目の前に映るのは、どこにでもいる普通の日本人男性。髪が黒くて眼鏡をかけていて、寝不足気味のクマが目立つ、平均体重より若干細めな風貌…では無かった。
肩甲骨まで伸びた金色の髪。充分な潤いと艶ときめ細やかさを携えた白い肌。サファイアのように輝く水色の左目に、エメラルドを彷彿とさせる翠色の右目。髪からはみ出した細長い耳。そして、胸部に実るたわわな果実。
次に下半身に目をやる。毛が一本も生えてない、すらりと伸びたしなやかな足。そして股間には、普段存在しているはずのモノが無い。
鏡に映る俺の姿は、一糸まとわぬ金髪美少女エルフになっていた。
「…」
俺は無言のまま頬に手を伸ばす。鏡に写る美少女もまた、自らの頬に手を伸ばす。その細い指で、軽く抓ってみる。指に触れた肌の感触も、頬の肉が引っ張られる感触も、紛れもない『現実』の物だ。
「…………」
手は顔を離れ、そのまま下へ向かう。吸い寄せられるように、胸部でその実りっぷりを主張する魅惑の果実の元へ。指を大きく広げ、てのひら全体で優しく、包み込むように揉む。
「…ッ!」
とてつもない歓喜と困惑と驚愕とが、同時に俺を襲う。
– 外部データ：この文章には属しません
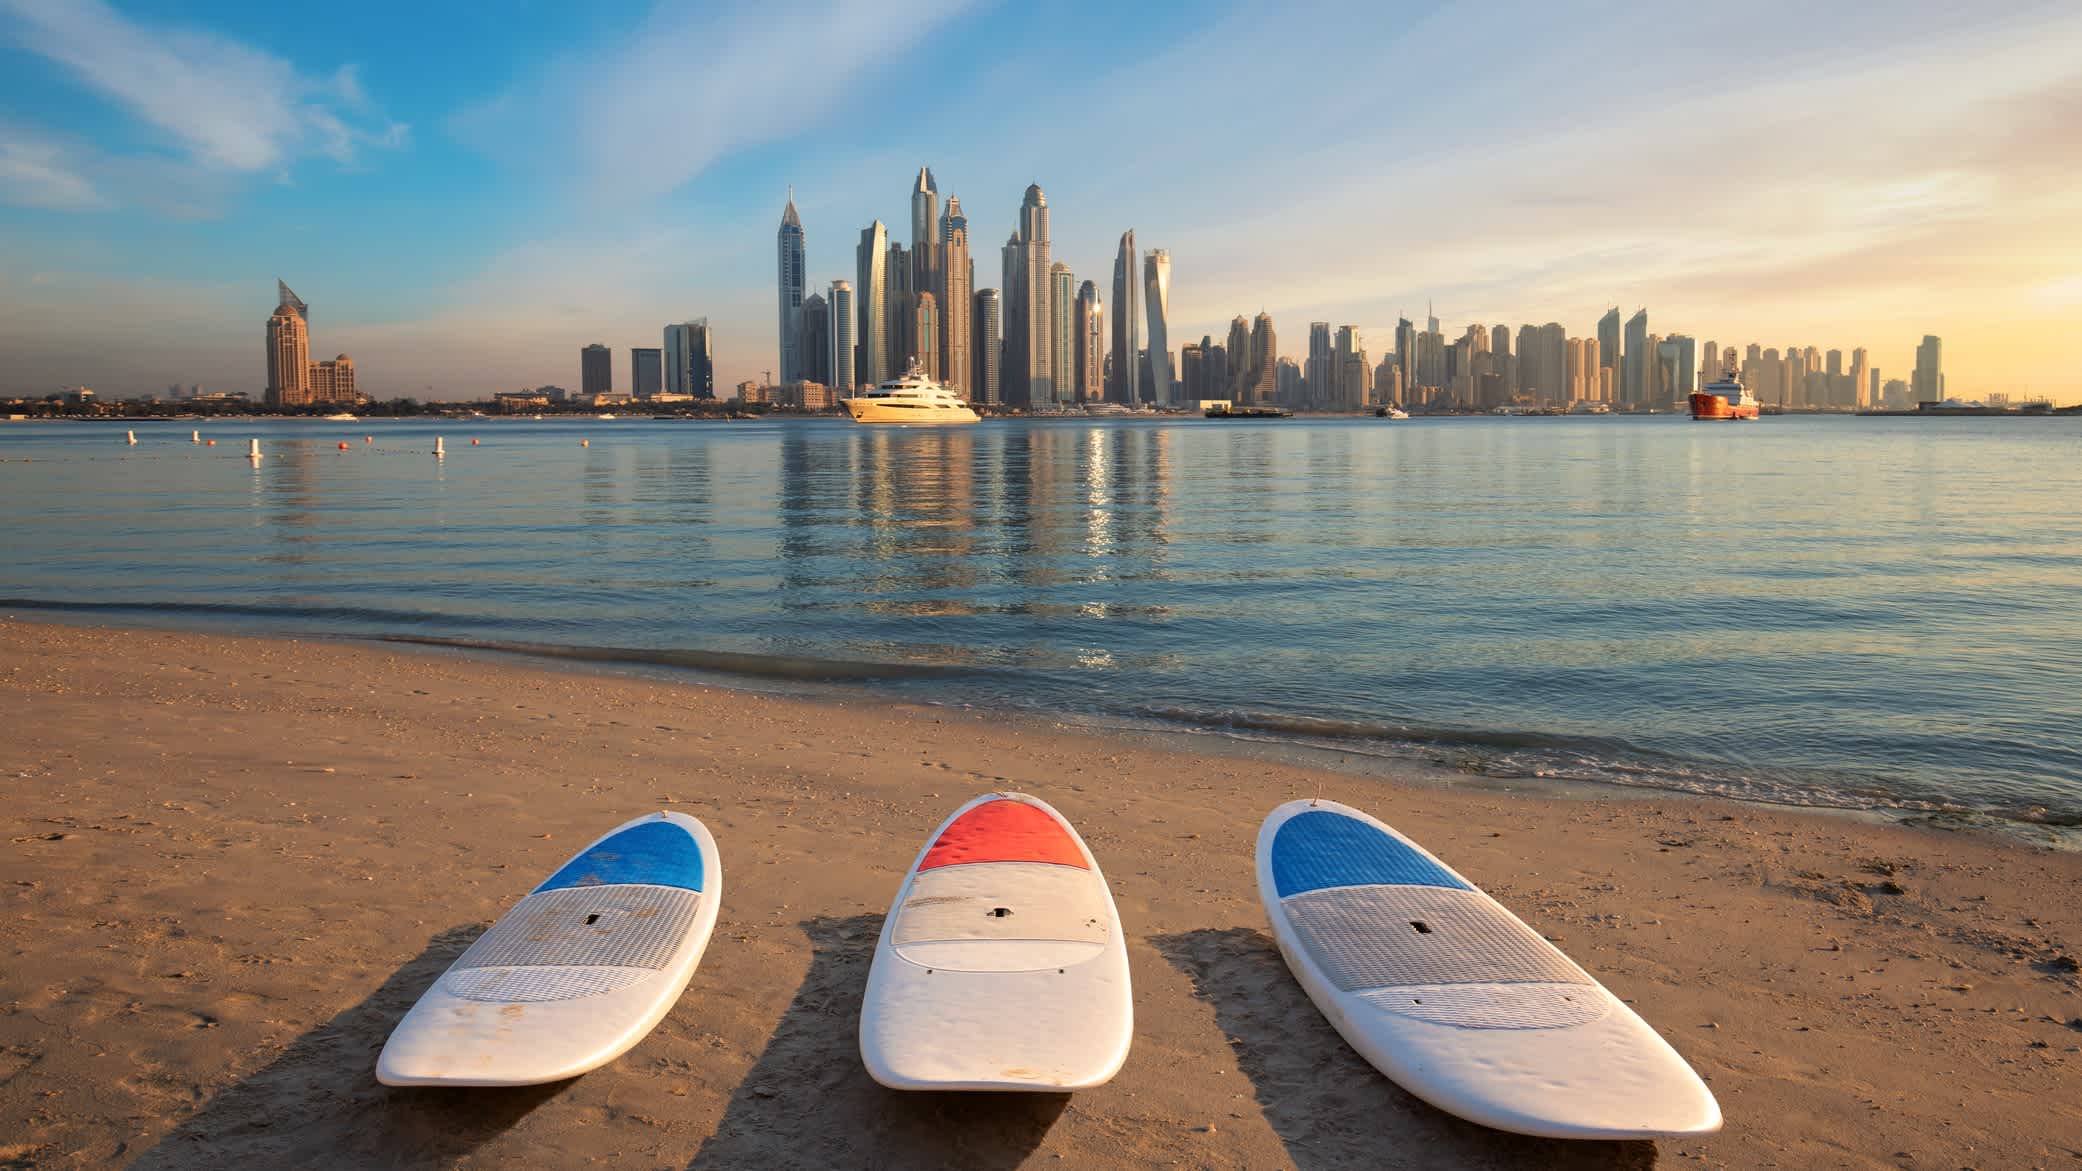 Surfbrettern am Strand mit dem Wolkenkratzer im Hintergrund, Dubai, VAE.

指を限界まで広げても覆い尽くせない程に豊満な双丘は、押しつけた手の衝撃を優しく吸収する。母が子を抱きしめるように、女神が天使を両腕で包み込むように、乳房に沈んだ俺の指を甘やかす。
おっぱいに触れた感触も、揉まれた感覚も、おっぱいが指を押し返す反動も、紛れもなく本物だ!現実の感覚だ!